The halfway point was only the eye of the storm. As soon as she came in sight of the house it caught her unawares. She saw thatch again for just a moment where there were only slates, expected a warm greeting where there were only busy builders and was forced to accept that there were two sources of the power twisting her brain, not one. It felt more like a promise than a threat and as she came closer to the house so she became more aware of the tiny
process of growth going on in her womb. It must be all right this time. This had to be the right place for her baby. She doubted she had the inner reserves to go again through that valley of pain into the tear-filled vacuum beyond. For the three remaining months after the miscarriage, when her body should have been swelling and ripening, she had been no more than a shadow, disrupted physically, mentally and chemically, always aware of the calendar of what should have been. This time it would be all right.

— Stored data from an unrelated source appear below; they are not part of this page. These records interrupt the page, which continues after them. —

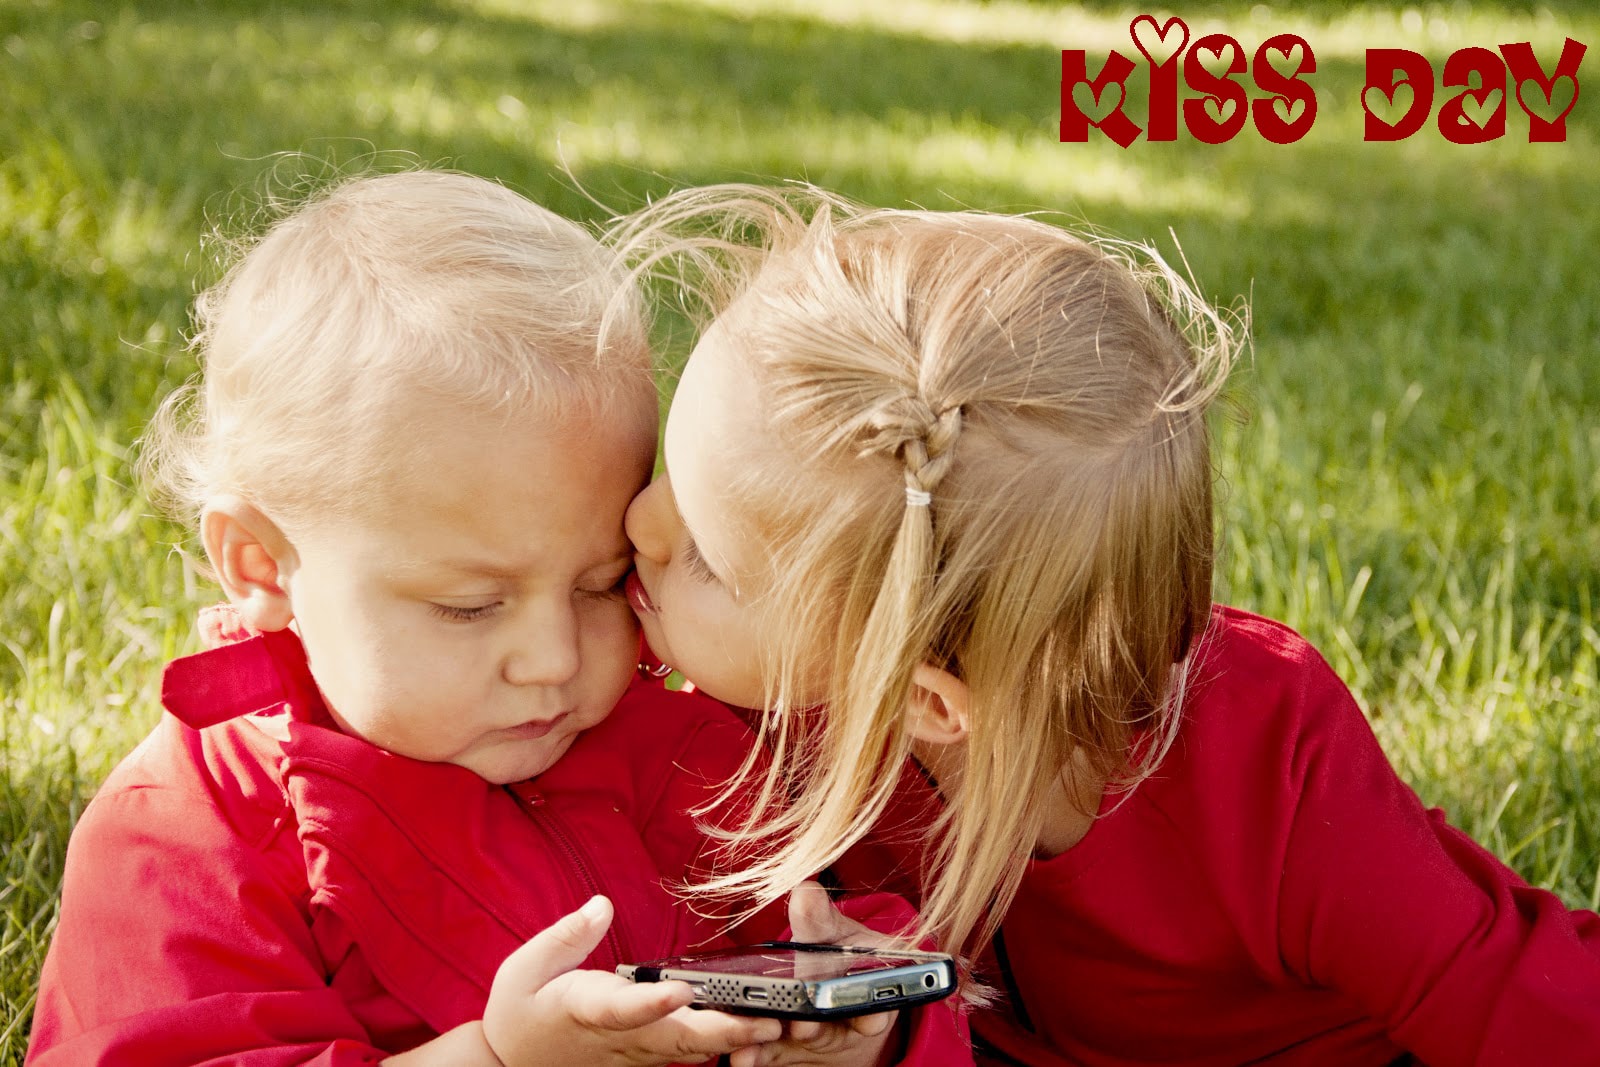 feliz beso día hermosos fondos de pantalla,niño,niñito,amor,contento,jugar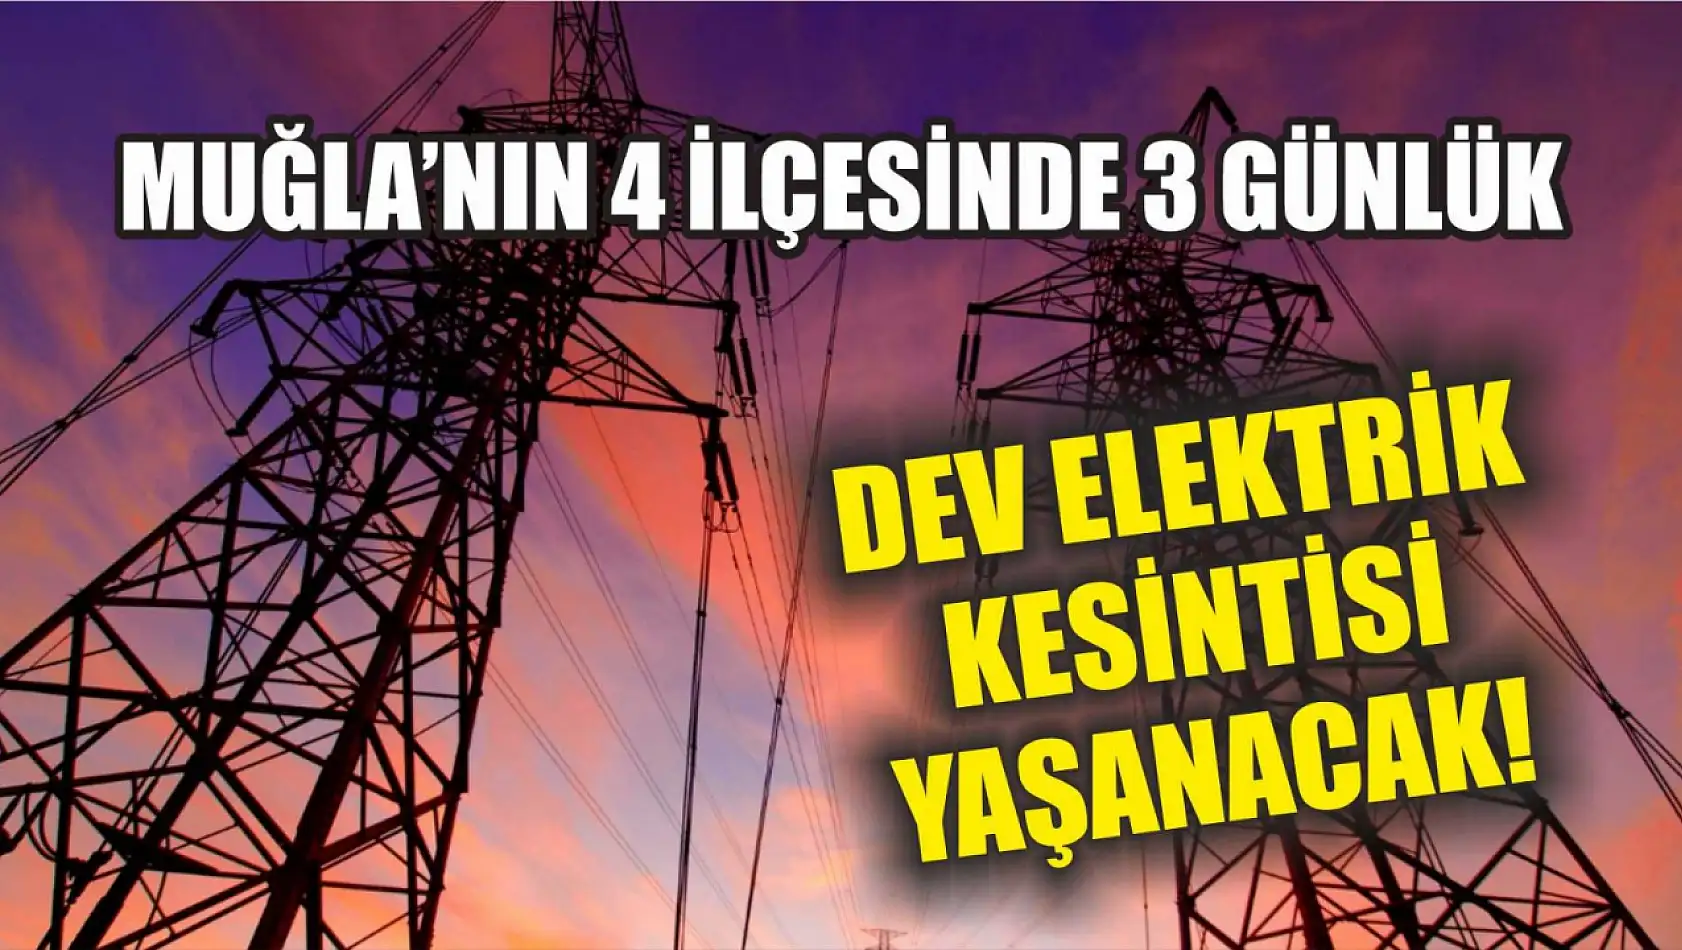 Muğla'nın 4 ilçesinde 3 günlük dev elektrik kesintisi yaşanacak! 23-24-25 Temmuz elektrik kesintisi detaylar..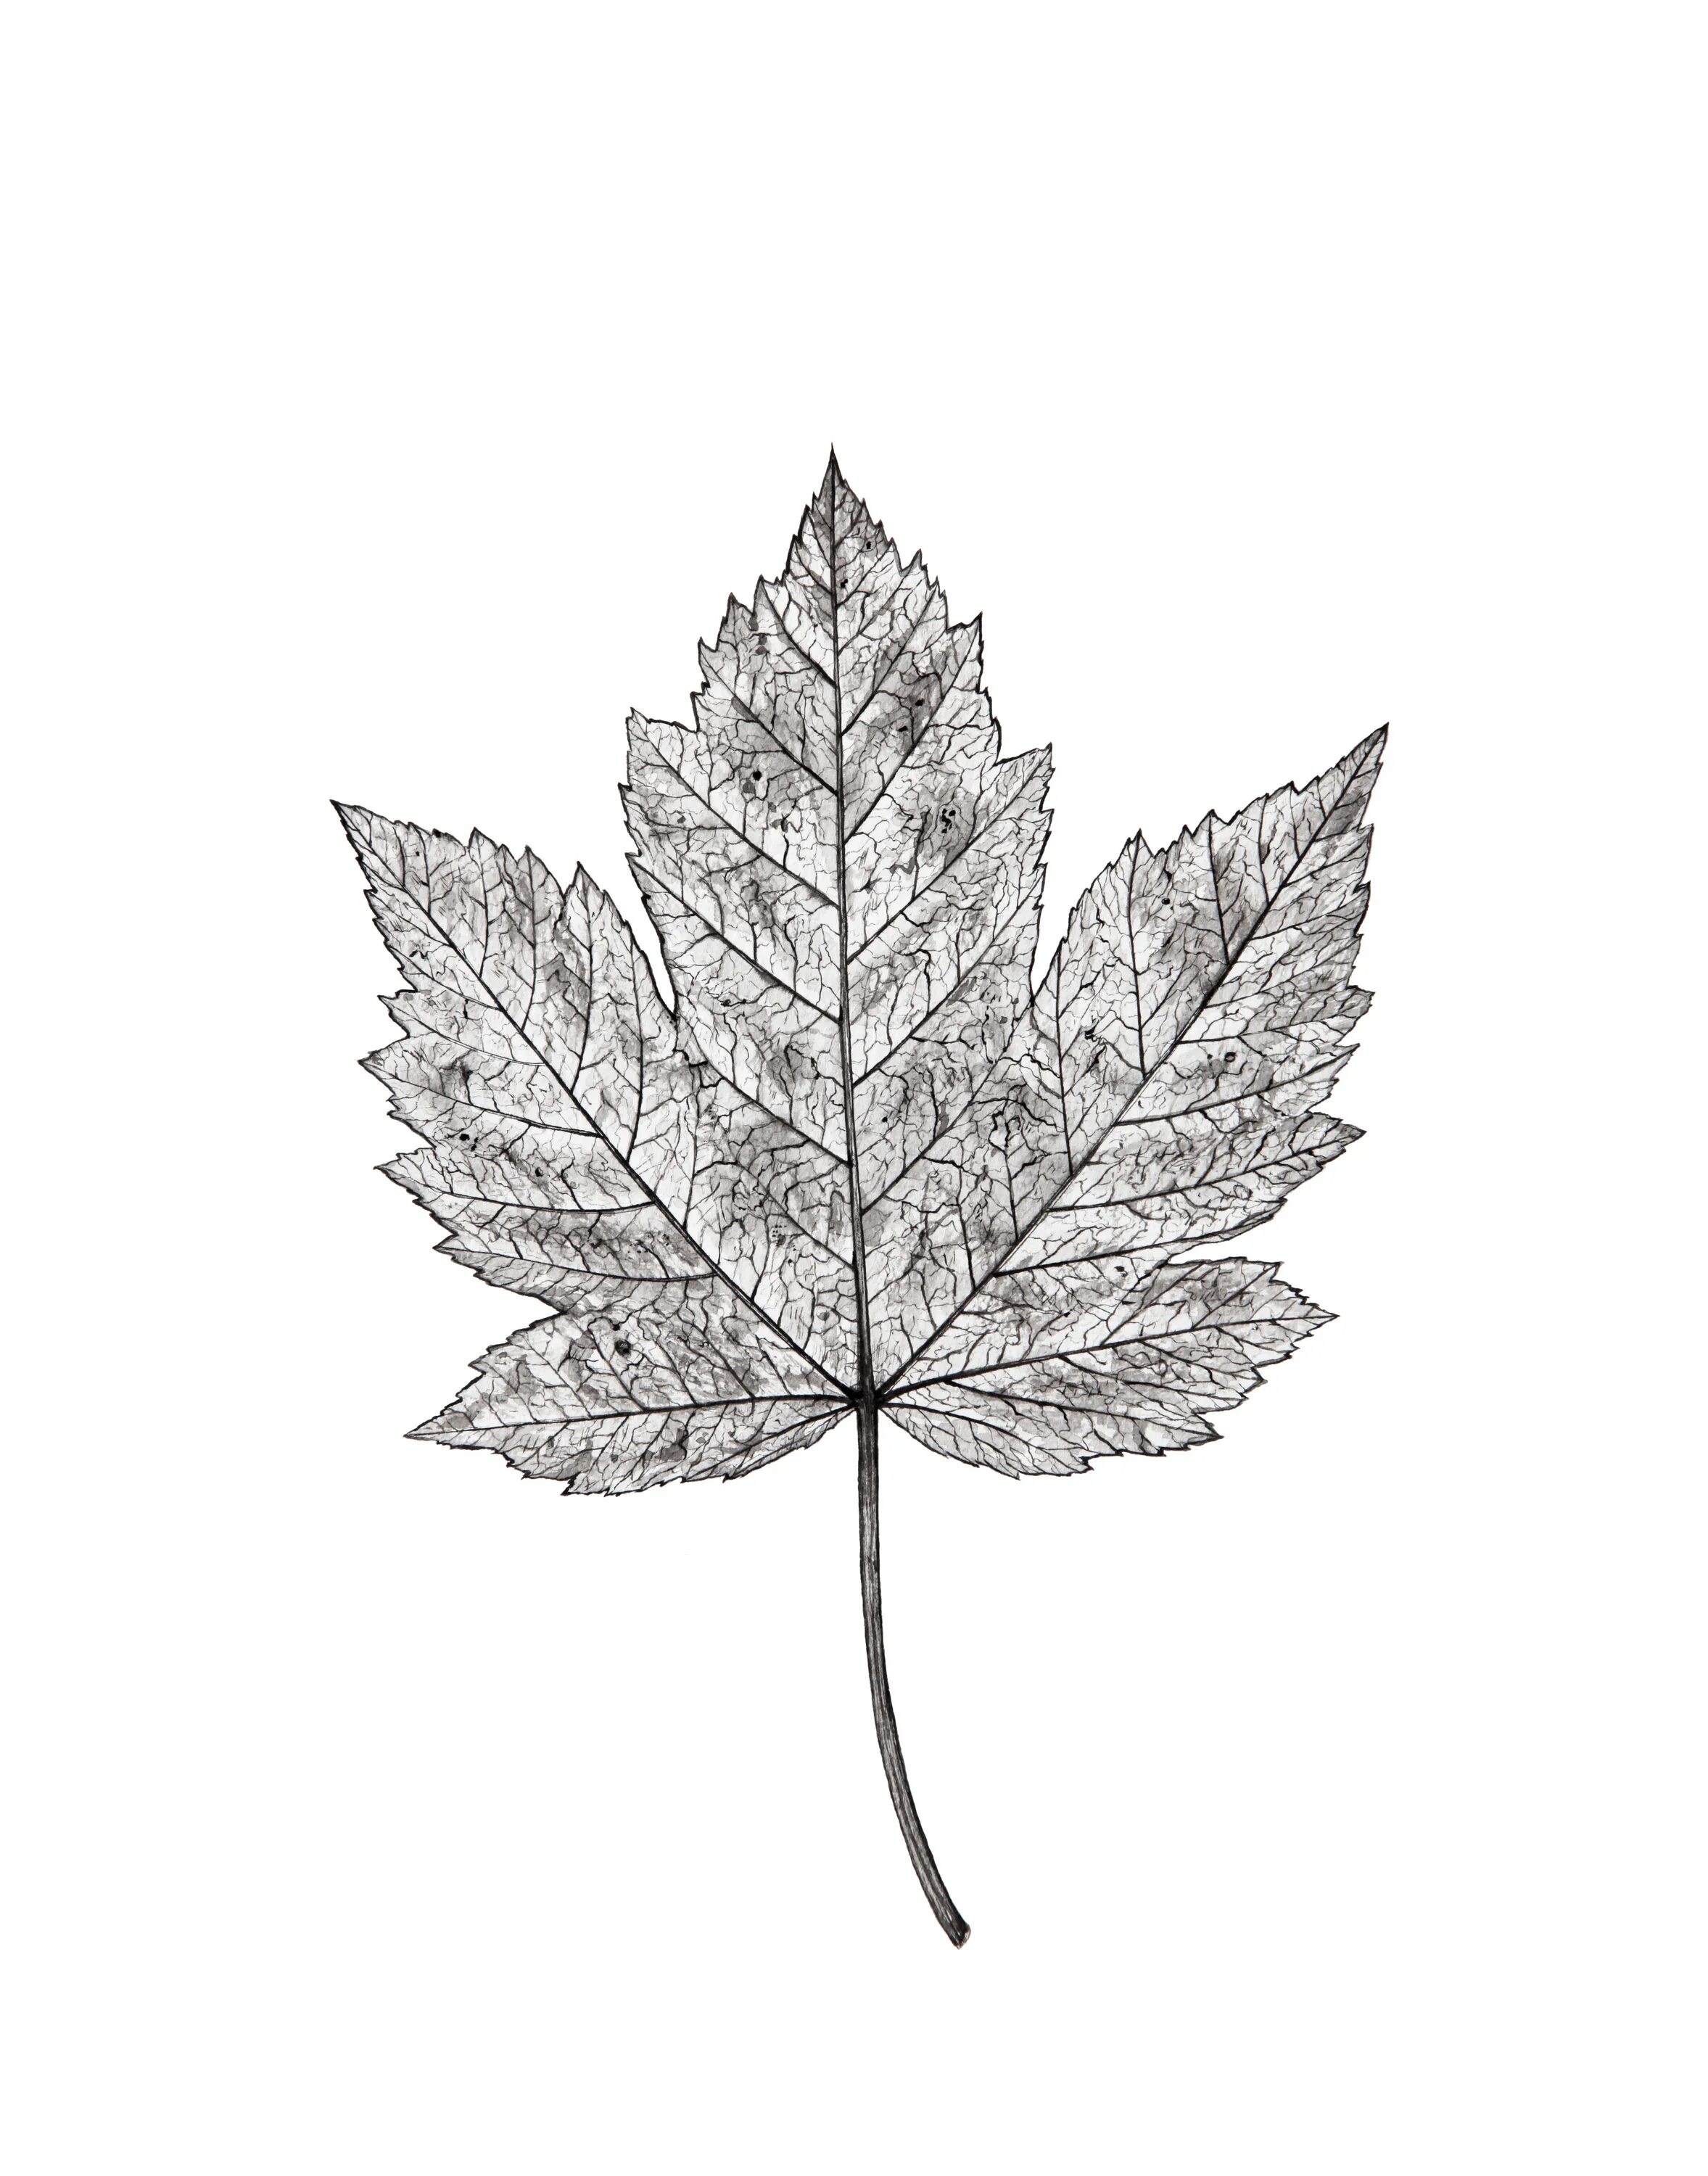 Черно белые картинки листьев. Листья деревьев. Листья эскиз. Листья иллюстрация. Листок дерева.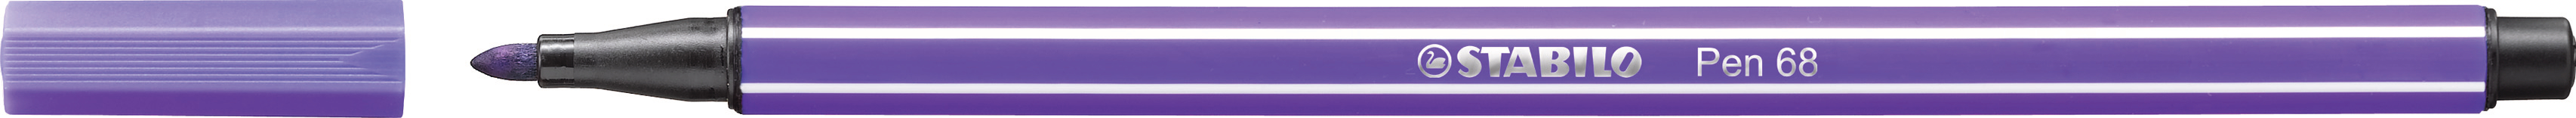 STABILO Stylo Fibre Pen 68 1mm 68/55 violet violet

She faltered at the gate, but Don Cotton the builder was standing there talking to his foreman Rick and he hailed her. They were planning an assault on the roof and she was forced back across the divide into the present. It wasn’t what she’d wanted to hear.
‘You’d better tell your old man it’s going to be cheaper in the end to strip this side off completely and start again,’ he said. ‘You’ll get away with patching up the far side, but there’s a lot of dodgy rafters in the middle there. If you leave them you’ll just be storing up trouble for yourself in the long run.’
She looked up at the roof, imagined it renewed, straightened out, with regular tiles, and knew it couldn’t be. The house begged for slow, organic healing, not transplant surgery.
‘No, that’s not the way I want it,’ she said, ‘that’s too brutal.’
‘Perhaps I’d better have a word with Mr Martin when he comes back,’ said the builder unwisely. ‘I’m just worried about his chequebook.’